■ **TASK DIRECTIONS**
Restate, word for word and with no pictures, the stretch of lines in the data below that begins at the line with "Sculpted and hand" and ends at the line with "H. Bequet began", inclusive.

■ **RECORDS TO PROCESS**
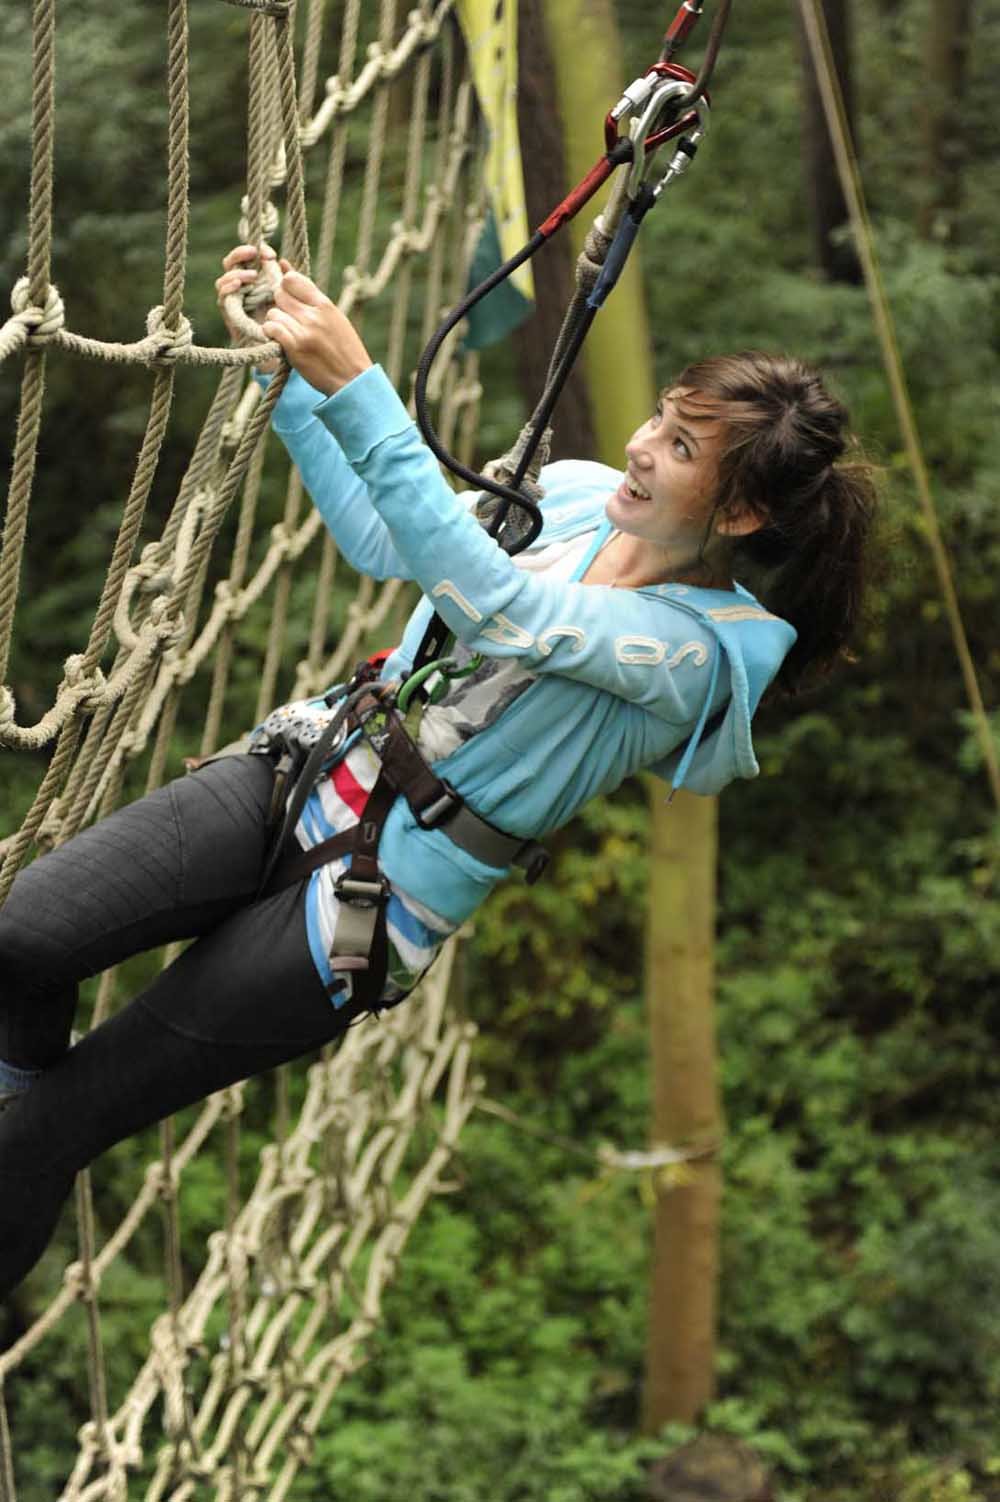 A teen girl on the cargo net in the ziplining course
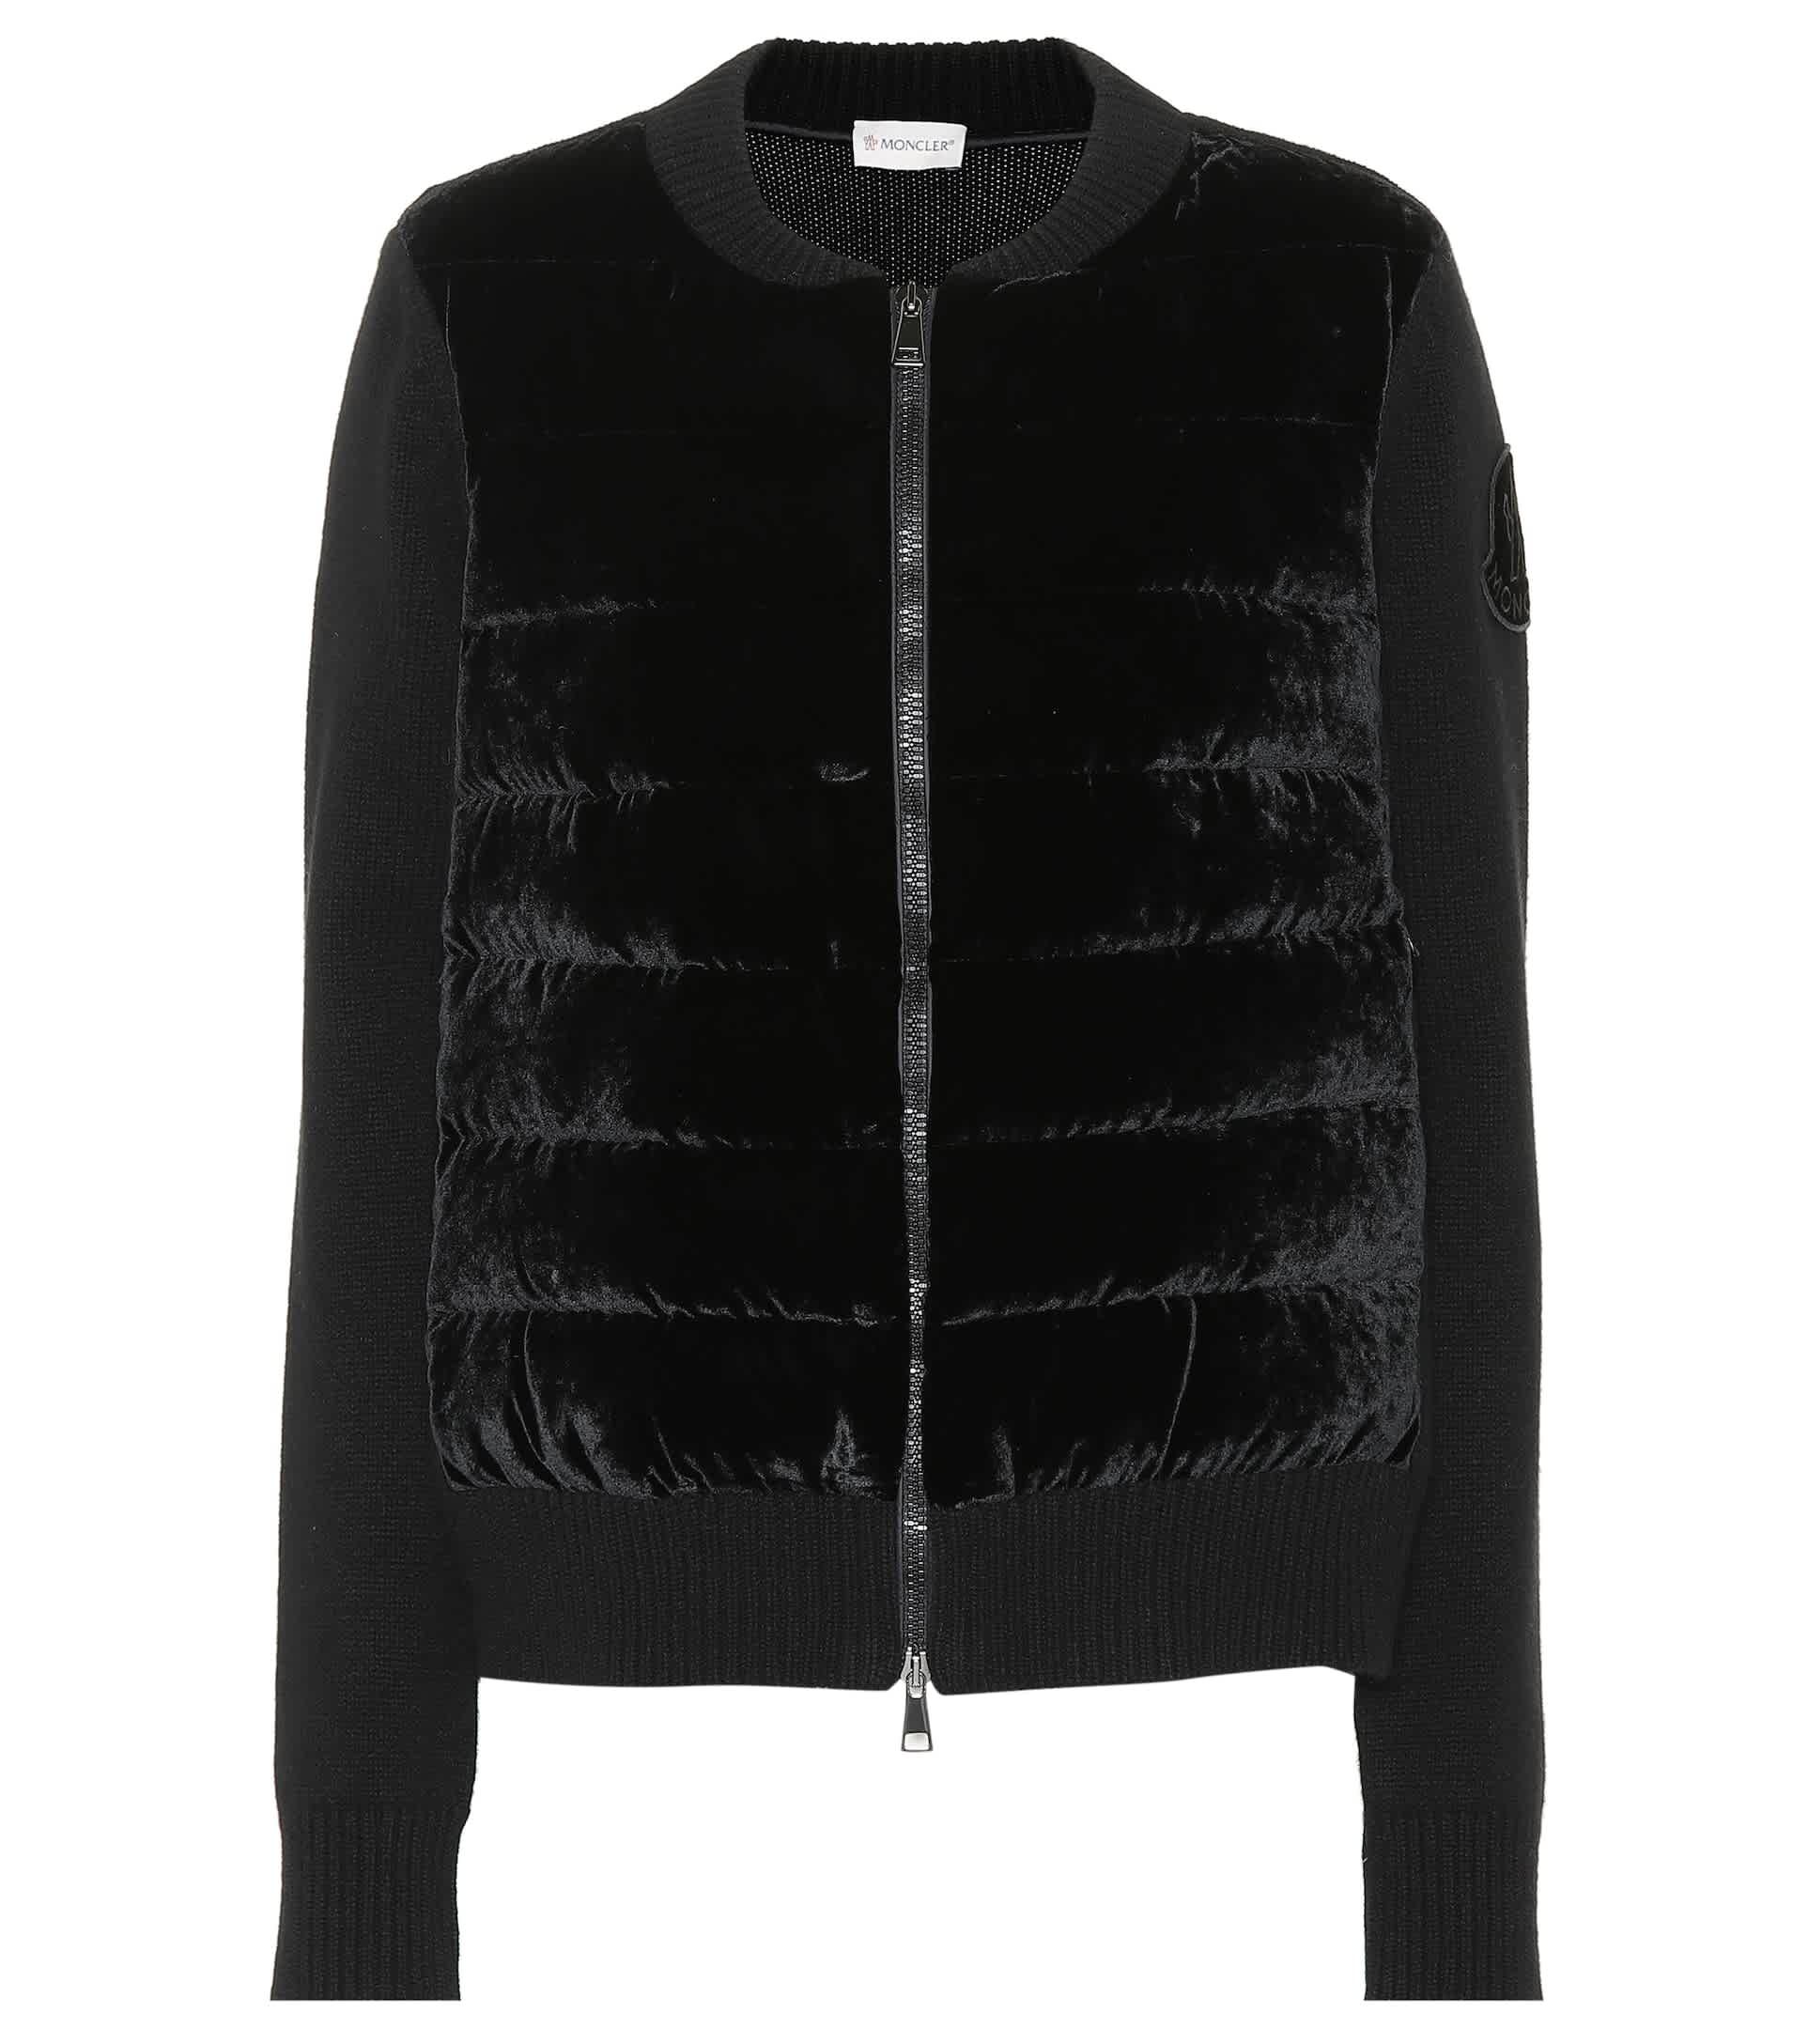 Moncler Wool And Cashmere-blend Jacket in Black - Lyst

==

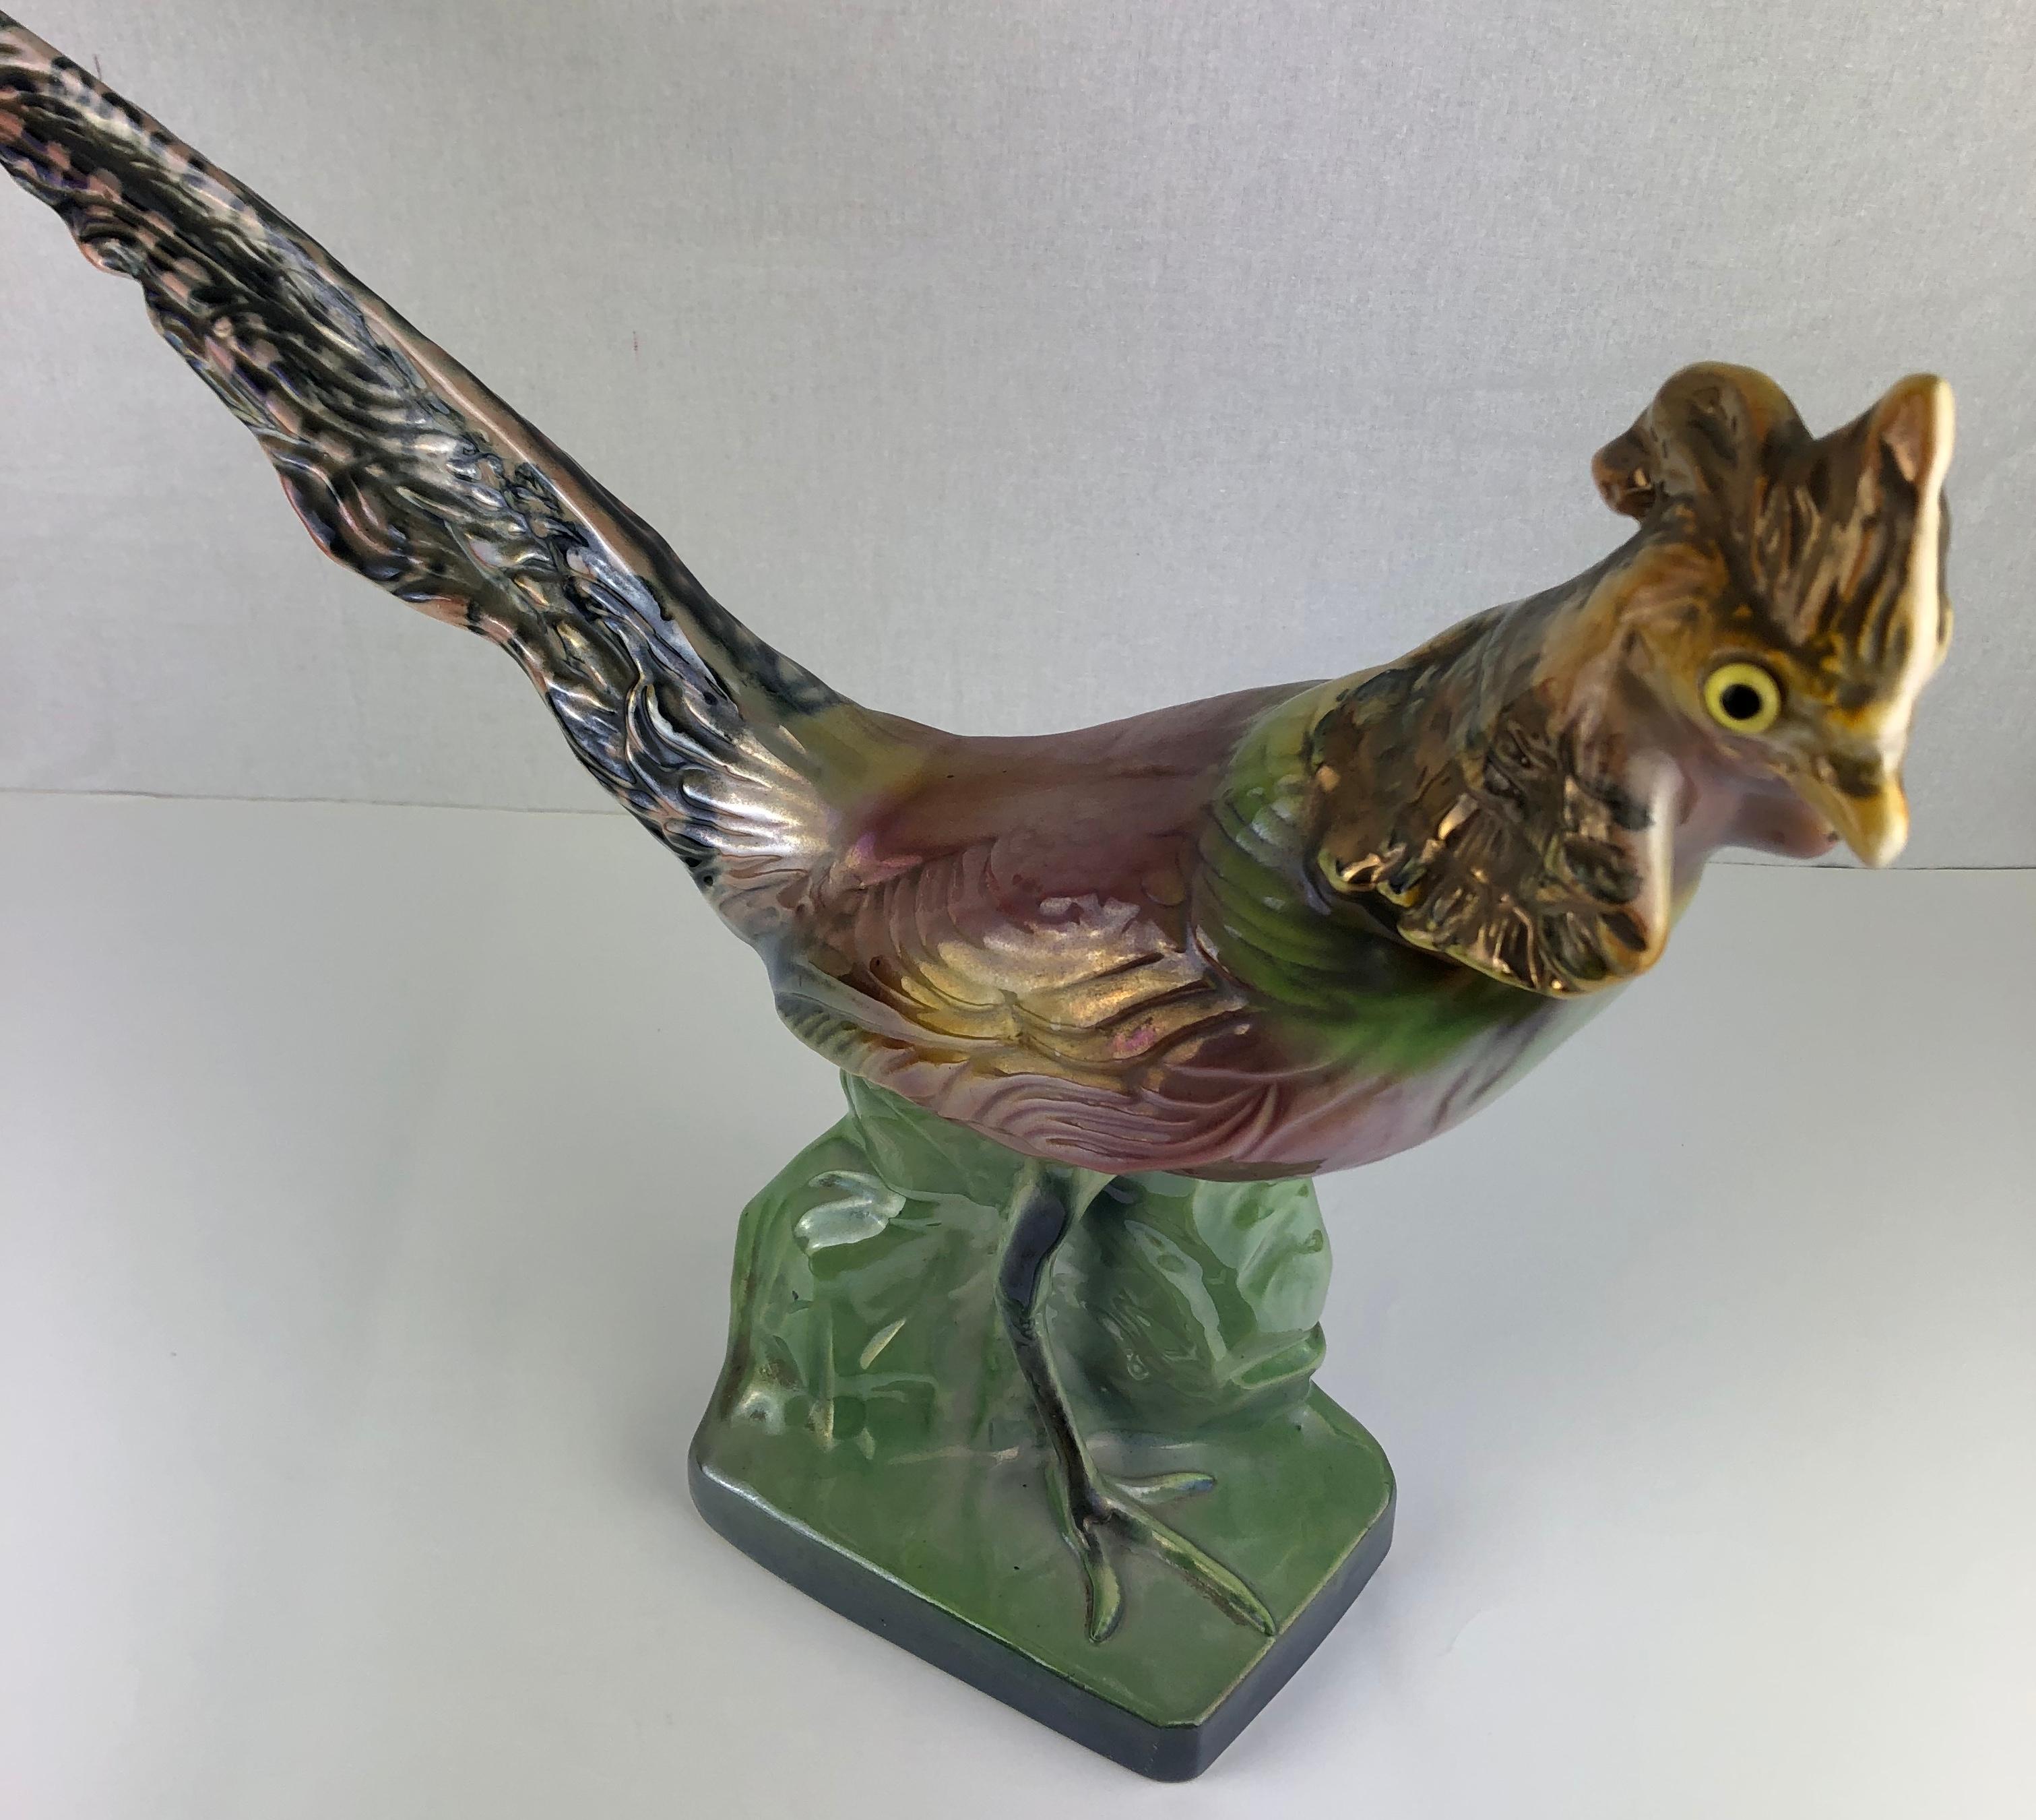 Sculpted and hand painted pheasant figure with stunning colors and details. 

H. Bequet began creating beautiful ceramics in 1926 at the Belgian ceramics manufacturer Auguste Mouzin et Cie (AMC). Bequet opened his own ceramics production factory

■ **YOUR RESPONSE**
 Sculpted and hand painted pheasant figure with stunning colors and details. 

H. Bequet began creating beautiful ceramics in 1926 at the Belgian ceramics manufacturer Auguste Mouzin et Cie (AMC). Bequet opened his own ceramics production factory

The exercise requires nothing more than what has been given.